The old woman in the wheelchair shifted slightly, her blanket rustling, her pale eyes now focused on Rachel instead of us. Despite the snow falling outside, the room felt too warm, too filled with ghosts and the questions we had carried for so long.
Rachel swallowed hard, tears finally spilling down her cheeks. "I..." she began, then hesitated, pressing her lips together as if the name itself was dangerous. "I never thought I’d have to say this out loud again."
Adrien and I waited, hardly daring to breathe, as the radiator clanked and the snow kept falling, and the truth she had buried for six years hovered just on the edge of coming to light.
Rachel stared at the journal page for what felt like ages, and I thought she might actually burn a hole through it. Her lips moved quietly, repeating the initials over and over—’L.S.... L.S.’—like saying them out loud could somehow bring back a memory she had buried long ago.
Her face hadn’t regained any color; if anything, she seemed even paler under the unforgiving kitchen light, and the lines around her eyes seemed to deepen with each passing second.
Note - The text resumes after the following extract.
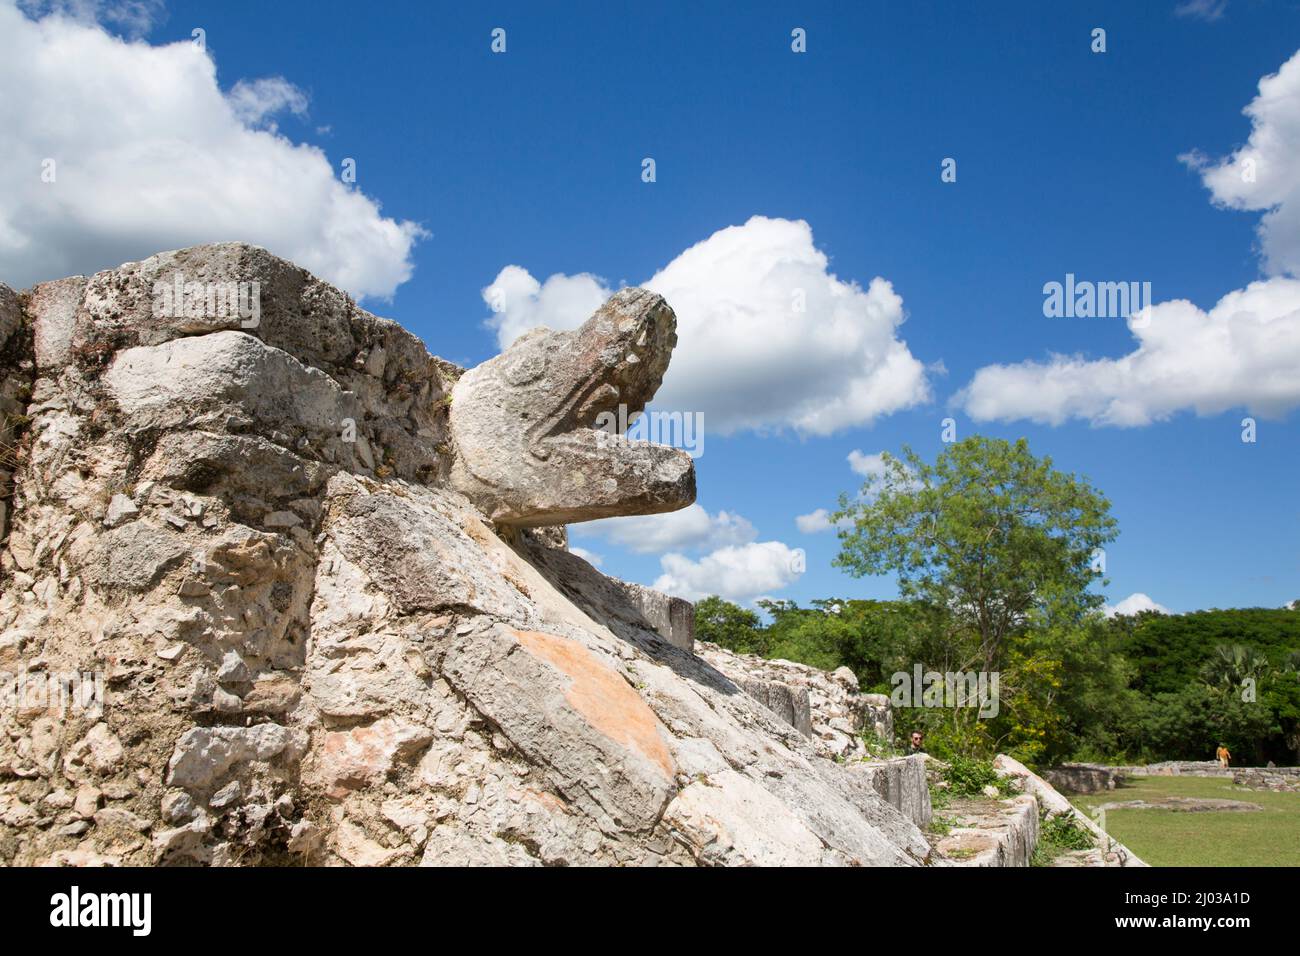 Tête de serpent de pierre, Temple des guerriers, ruines mayas, zone archéologique de Mayapan, État du Yucatan, Mexique, Amérique du Nord Banque D'Images

Adrien leaned in closer, his voice soft yet firm. "Rachel, please. We’ve gone through the entries. She mentioned meeting L.S. in secret, talked about feeling guilty every time she did. We thought... maybe there was an affair. If that person was somehow involved—"
"No," Rachel interrupted sharply, then added softly, almost pleading. "No, no, no. Joanne was many things, stubborn, a bit dramatic when she wanted to be, the kind of person who could light up a room just by walking in...but she was never unfaithful. Not once. Her marriage to Keith Fell was cold, loveless, and really depressing toward the end, but she stayed loyal. She used to say that cheating would make her feel like she was becoming exactly what she couldn’t stand. She wouldn’t do that."
I blinked at her, so if L.S wasn’t a lover of Joanne’s...then who was he to her?